Но Франтишек уже не слышал, что говорил Шкрета. Он стоял здесь, но ничего не видел. Он слышал лишь слова Ружены «доведешь меня до самоубийства, точно доведешь меня до самоубийства», знал, что он причина ее гибели, и все-таки не понимал почему и не мог ничего объяснить. Он стоял здесь, словно дикарь перед чудом, стоял здесь словно перед чем-то сверхъестественным, сделавшись вдруг глухим и слепым, ибо разум отказывался воспринять непостижимое, обрушившееся на него.
(Несчастный Франтишек, ты пройдешь по жизни, так и не поняв ничего, зная лишь, что твоя любовь убила женщину, которую ты любил, ты пройдешь по жизни с этим чувством, как с тайной метой ужаса, как прокаженный, который приносит любимым необъяснимые беды, ты пройдешь по жизни, как вестник несчастья.)
Он стоял бледный, недвижный, точно каменное изваяние, и не заметил даже, как в помещение взволнованно вошел еще один человек; он подошел к мертвой, долго смотрел на нее, потом погладил по волосам.
Доктор Шкрета прошептал:
— Самоубийство. Яд.
Вошедший резко повернул голову:
— Самоубийство? Голову даю на отсечение, что эта женщина не покончила с собой. А если она и проглотила яд, то это точно было убийство.
Инспектор удивленно смотрел на вошедшего. Это был Бертлеф — его глаза пылали гневным огнем.
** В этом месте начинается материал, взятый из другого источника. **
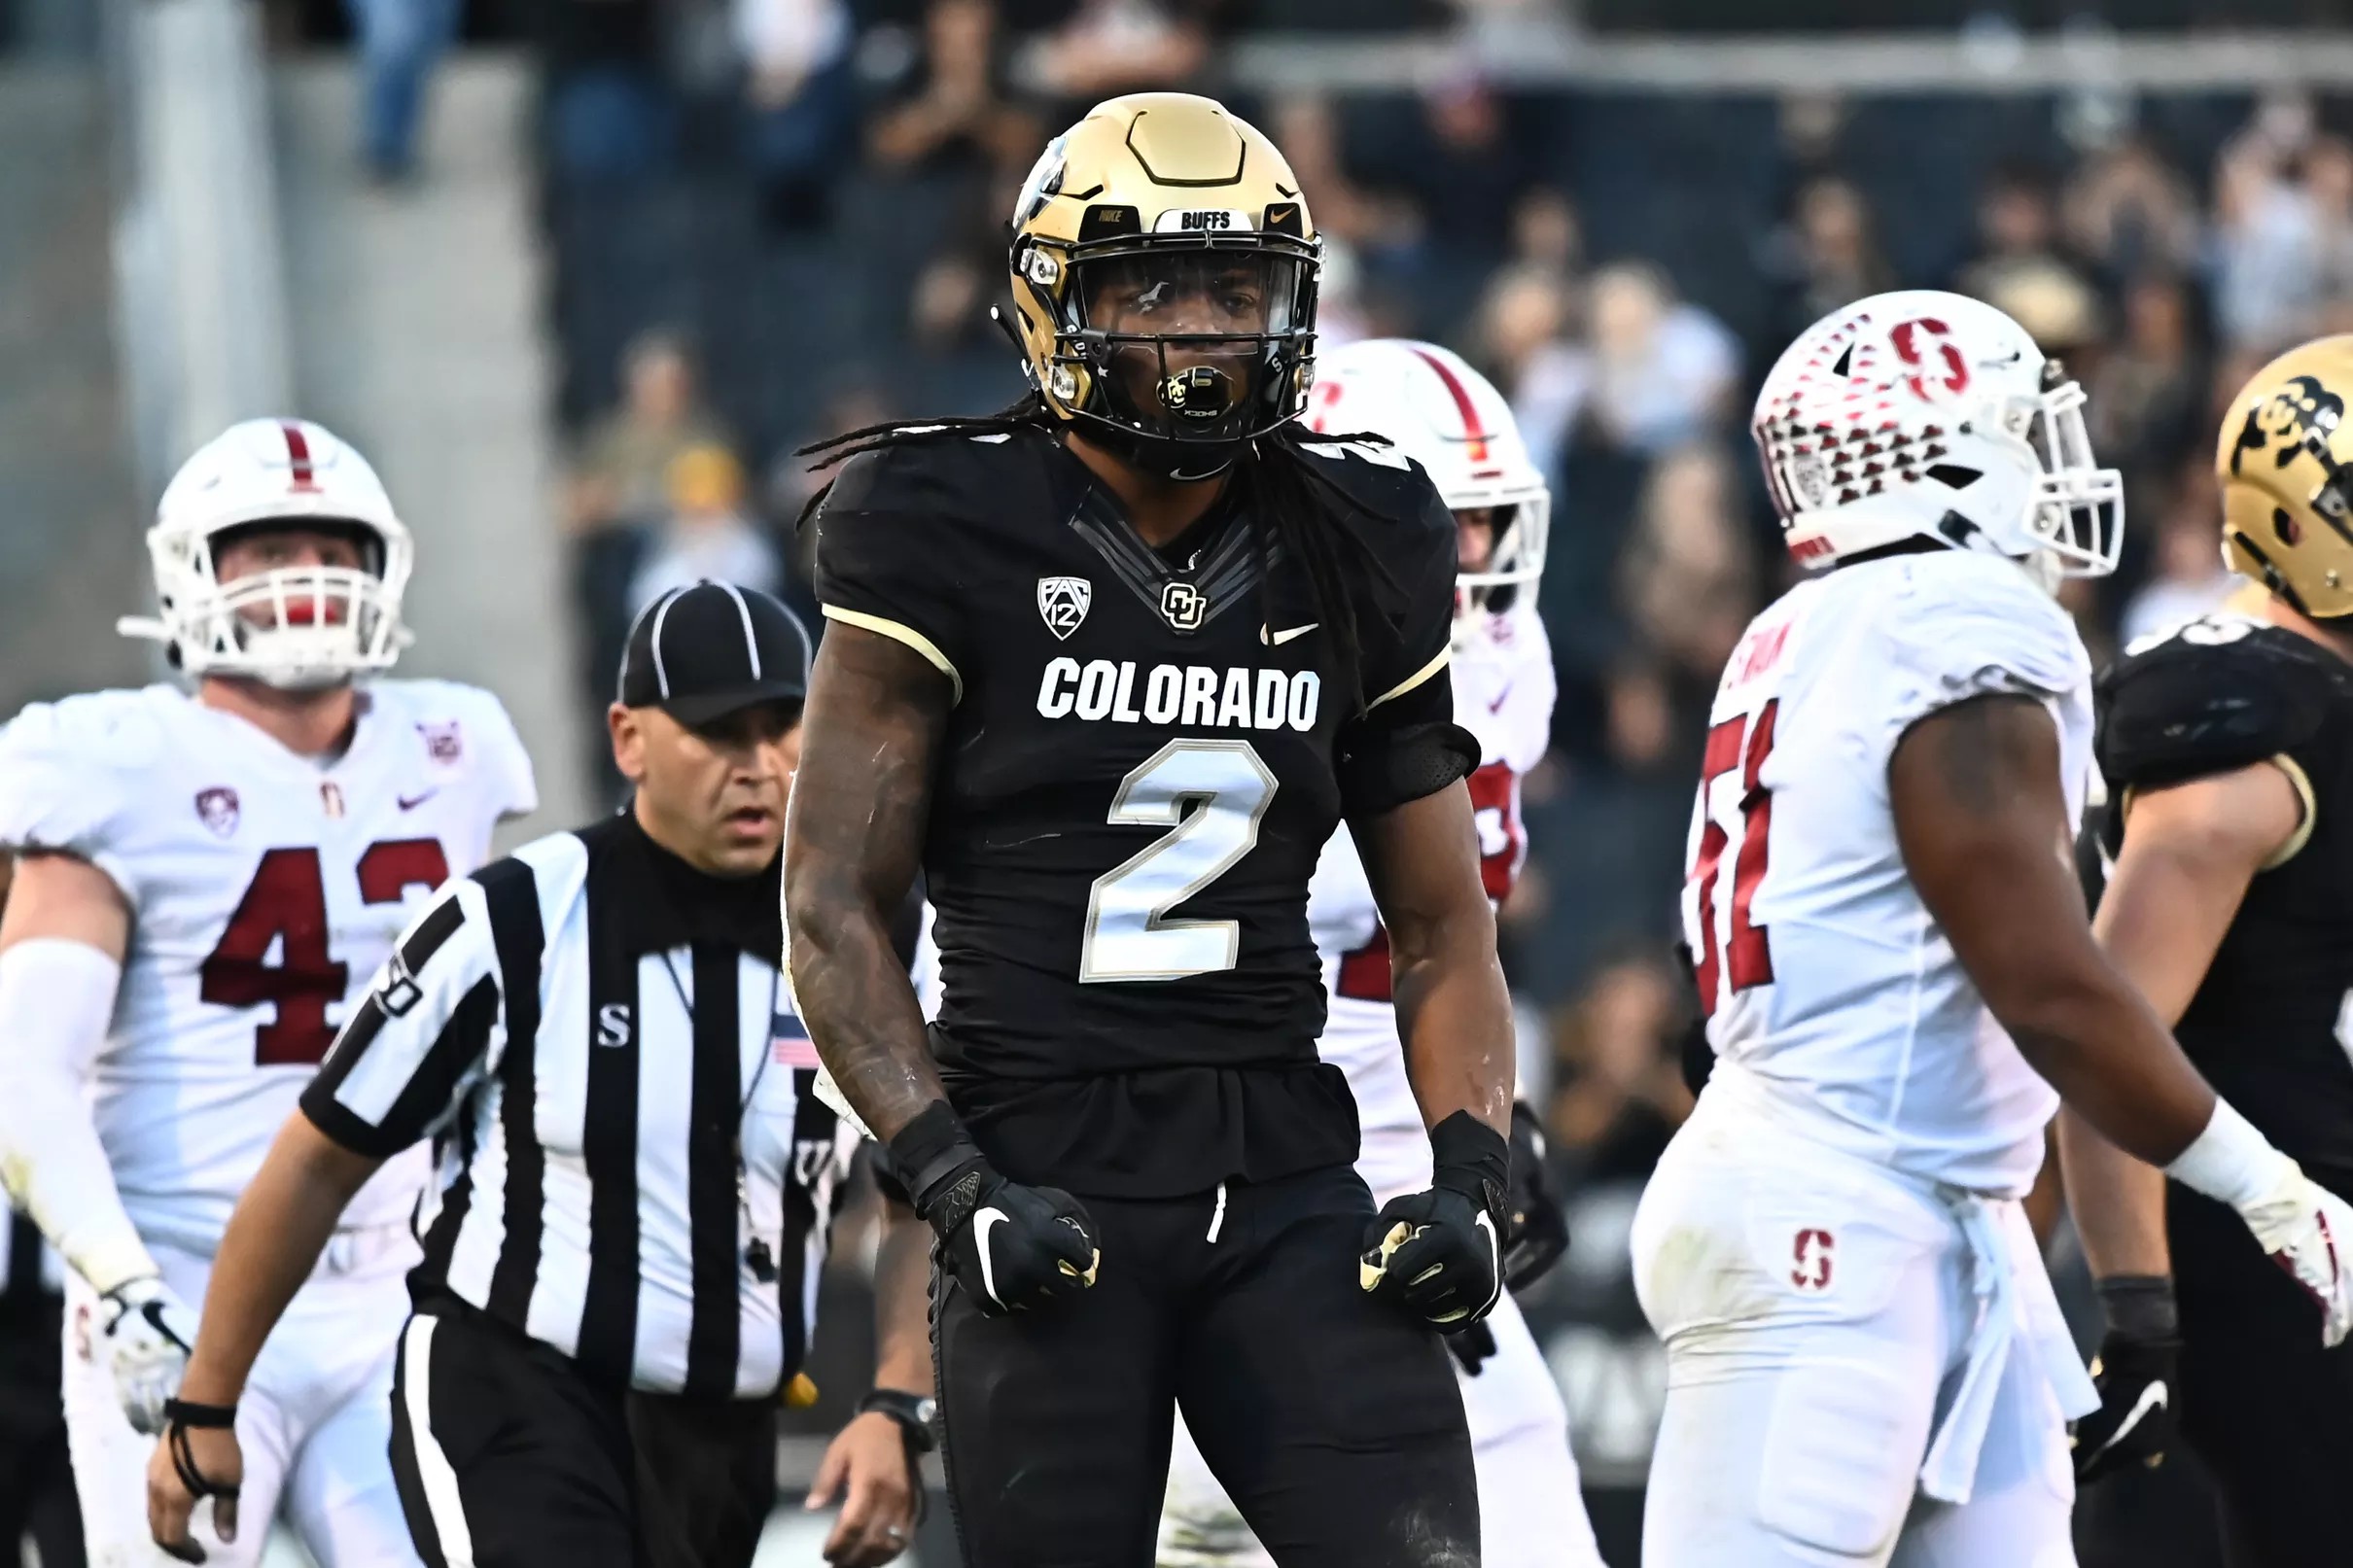 Ranking the top 5 wide receiver prospects from the 2020 NFL Draft

18Якуб повернул ключ, и машина тронулась. Он проехал последние курортные особняки и очутился на широком просторе. До границы было всего часа четыре езды, не хотелось торопиться. Сознание, что этой дорогой он едет в последний раз, преображало весь край, принявший вдруг редкостный и необычный вид. Ему казалось, что он не узнает его, что вокруг все другое, чем представлялось прежде, но, к сожалению, он уже не может здесь задержаться.
И одновременно он тут же возражал себе, понимая, что никакая отсрочка отъезда, пусть на день или на годы, не изменит того, что мучит его сейчас: этот край он не познал бы ни на йоту ближе, чем знал до сих пор. И он должен смириться с тем, что покидает его, так и не познав до конца, не исчерпав всей его прелести. Что покидает его как должник и как кредитор со счетами, взаимно не оплаченными.
И снова вспомнилась ему девушка, которой он вложил в тюбик фальшивый яд, и он подумал, что его карьера убийцы была самой короткой из всех карьер, которые выпали ему на долю. Я был убийцей часов восемнадцать, улыбнулся он своим мыслям.
Но потом возразил себе: нет, неправда, что он был убийцей всего лишь короткое время. Он убийца и останется им до самой смерти. Ибо вовсе не важно, была или не была голубая таблетка ядом, важно то, что он считал ее ядом и что, несмотря на это, дал ее незнакомой женщине и даже не пошевелил пальцем, чтобы спасти ее.
И сейчас он задумался над этим уже с беззаботностью человека, понявшего, что его поступок оказался в плоскости чистого эксперимента.
Его убийство было особенным. Это убийство не имело мотивов. Оно не ставило своей целью добиться какой-либо выгоды для самого убийцы. Стало быть, какой был в нем смысл? Его смысл, по всей вероятности, был в том, чтобы он узнал, что он убийца.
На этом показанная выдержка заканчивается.